18. The high-complexity defined gut microbial community according to claim 17 wherein the nucleic acid sequence comprises a 16S rRNA sequence.

19. The high-complexity defined gut microbial community according to claim 17, wherein the nucleic acid sequence comprises a whole genomic sequence.

20. The high-complexity defined gut microbial community according to claim 16, wherein the molecular identification comprises Matrix-Assisted Laser Desorption/Ionization Time-Of-Flight Mass Spectrometry.

21. The high-complexity defined gut microbial community according to any one of claims 1-19, wherein, when tested in a murine model of persistent Clostridium difficile infection, the defined gut microbial community reduces the number of C. difficile colony forming units (cfu) per μl of stool by at least 1 to 2 logs.
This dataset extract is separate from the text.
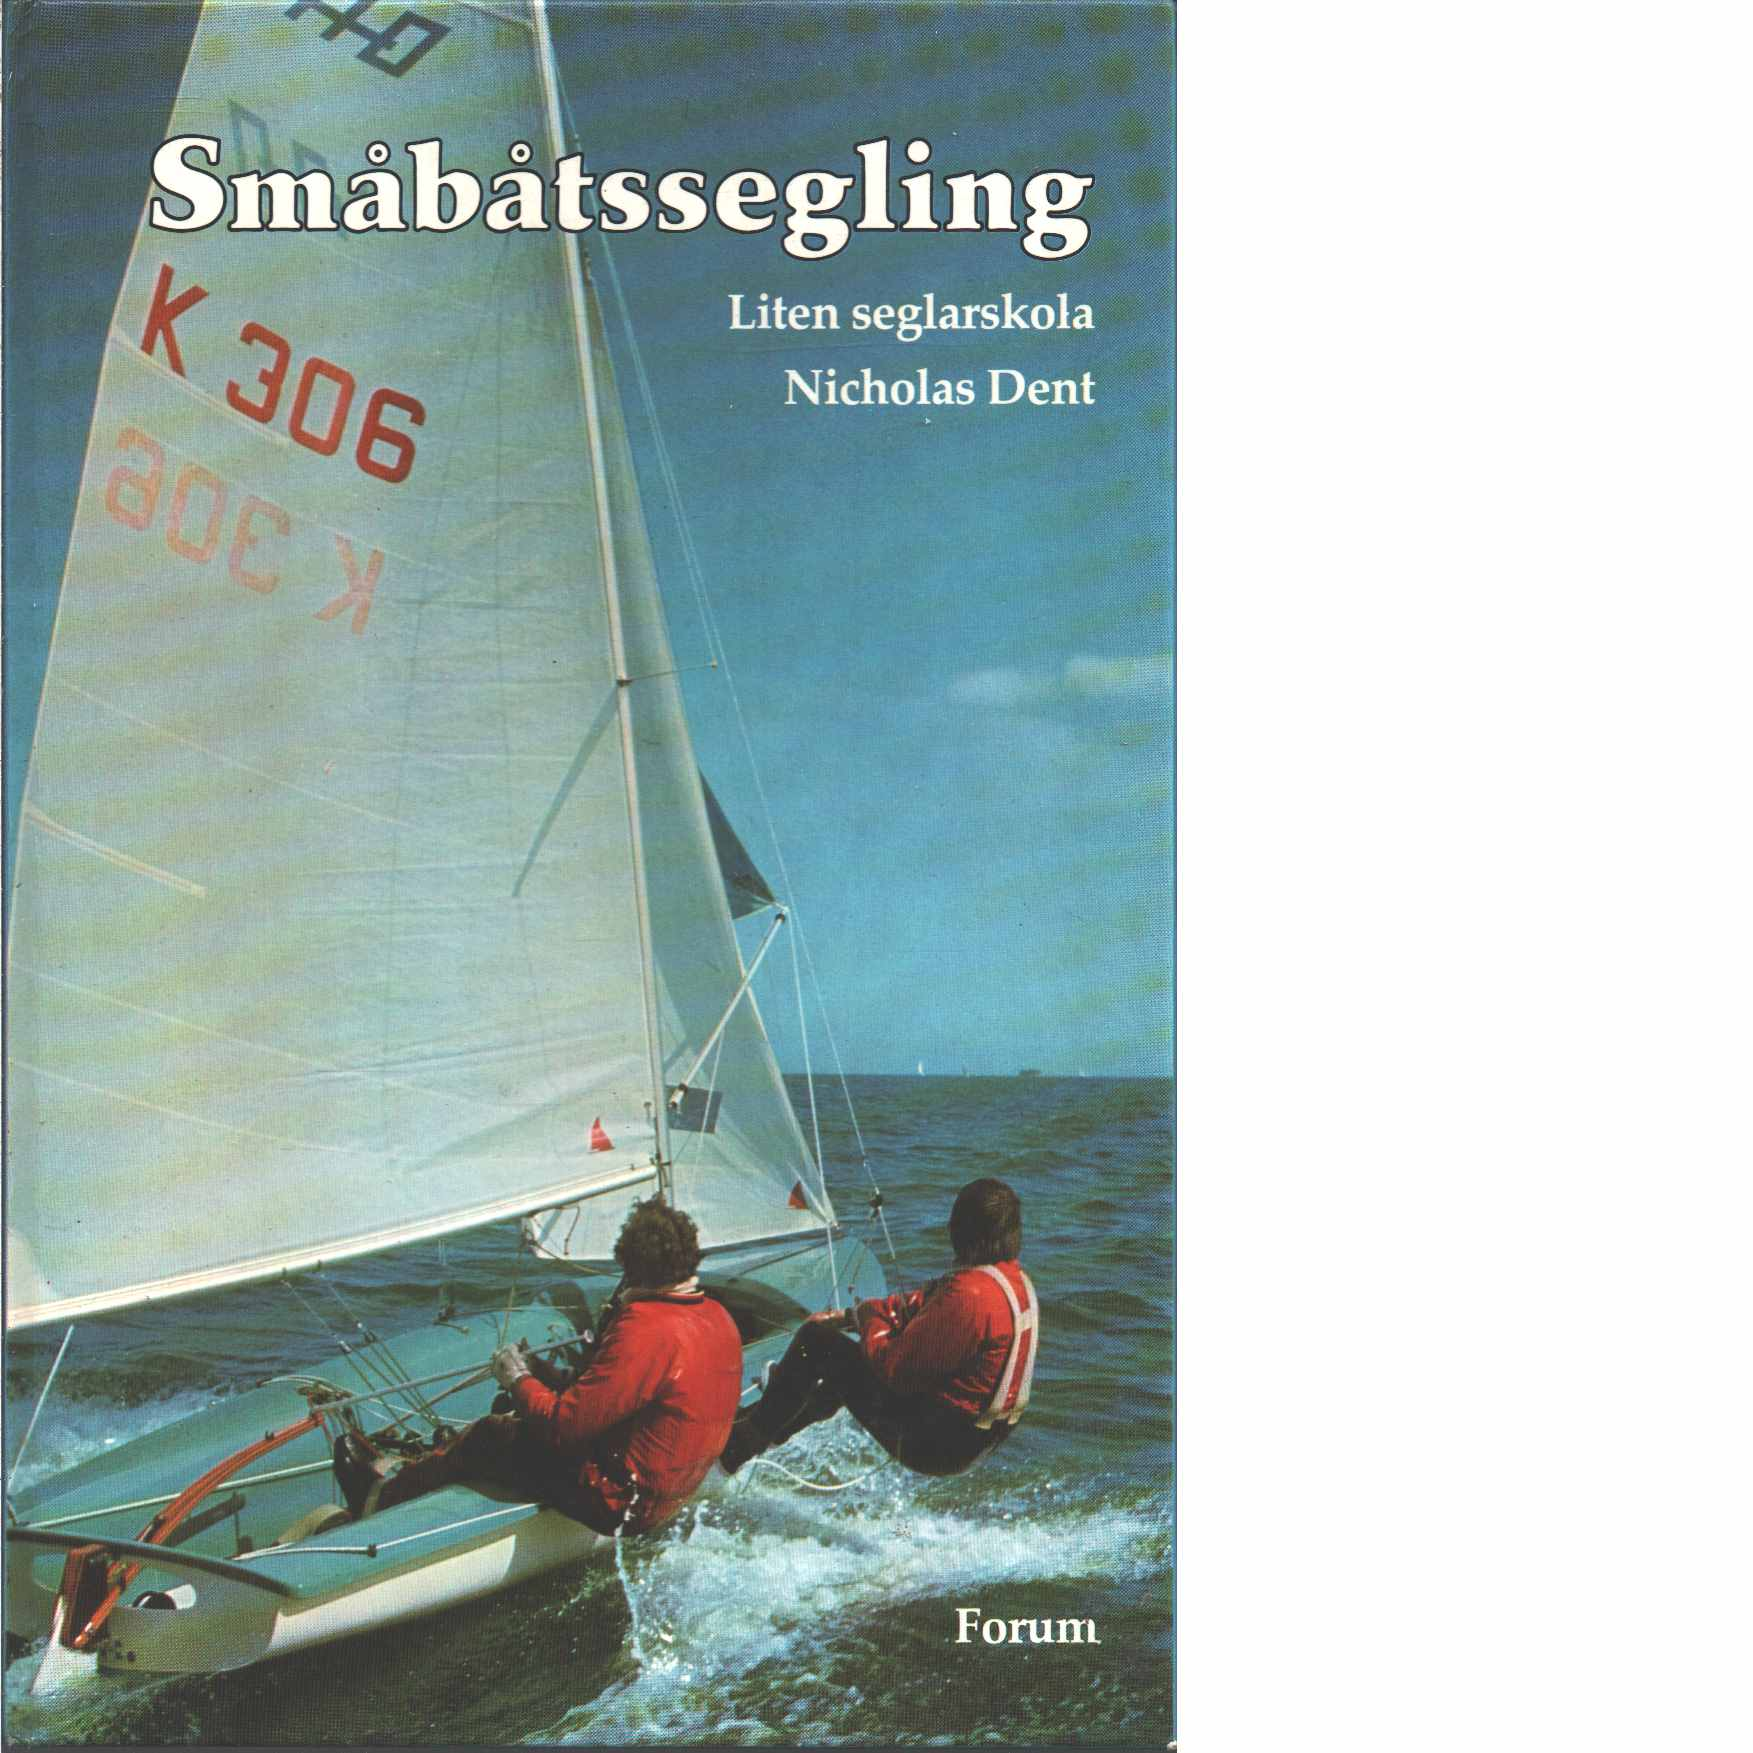 Småbåtssegling : liten seglarskola - Dent, Nicholas

22. The high-complexity defined gut microbial community according to claim 21, wherein, when tested in a murine model of persistent C. difficile infection, the defined gut microbial community reduces the number of C. difficile cfu per ul of stool by at least 2 to 3 logs.

23. The high-complexity defined gut microbial community according to claim 22, wherein, when tested in a murine model of persistent C. difficile infection, the defined gut microbial community reduces the number of C. difficile cfu per ul of stool by at least 3 to 4 logs.

24. The high-complexity defined gut microbial community according to claim 23, wherein, when tested in a murine model of persistent C. difficile infection, the defined gut microbial community reduces the number of C. difficile cfu per ul of stool by at least 4 to 5 logs.

25. The high-complexity defined gut microbial community according to claim 24, wherein, when tested in a murine model of persistent C. difficile infection, the defined gut microbial community reduces the number of C. difficile cfu per ul of stool by at least 5 to 6 logs.

26. The high-complexity defined gut microbial community according to any one of claims 1-25, wherein the defined gut microbial community significantly alters the profile of bile acids present in the mouse's stool as compared to an isogenic gnotobiotic control mouse.

27. The high-complexity defined gut microbial community according to any one of claims 1-26, wherein the defined gut microbial community significantly alters the concentration of bile acids present in the mouse's stool as compared to an isogenic gnotobiotic control mouse.

28. The high-complexity defined gut microbial community according to claim 26 or 27, wherein the bile acids are selected from the group consisting of Tβ-MCA, Tα MCA, TUDCA, THDCA, TCA, 7β-CA, 7-oxo-CA, TCDCA, Tω-MCA, TDCA, α-MCA, β-MCA, ω-MCA, Muro-CA, d4-CA, CA, TLCA, UDCA, HDCA, CDCA, DCA, and LCA.

29. The high-complexity defined gut microbial community according to any one of claims 1-28, wherein the defined gut microbial community significantly alters the concentration of one or more metabolites in the mouse's urine as compared to an isogenic gnotobiotic control mouse.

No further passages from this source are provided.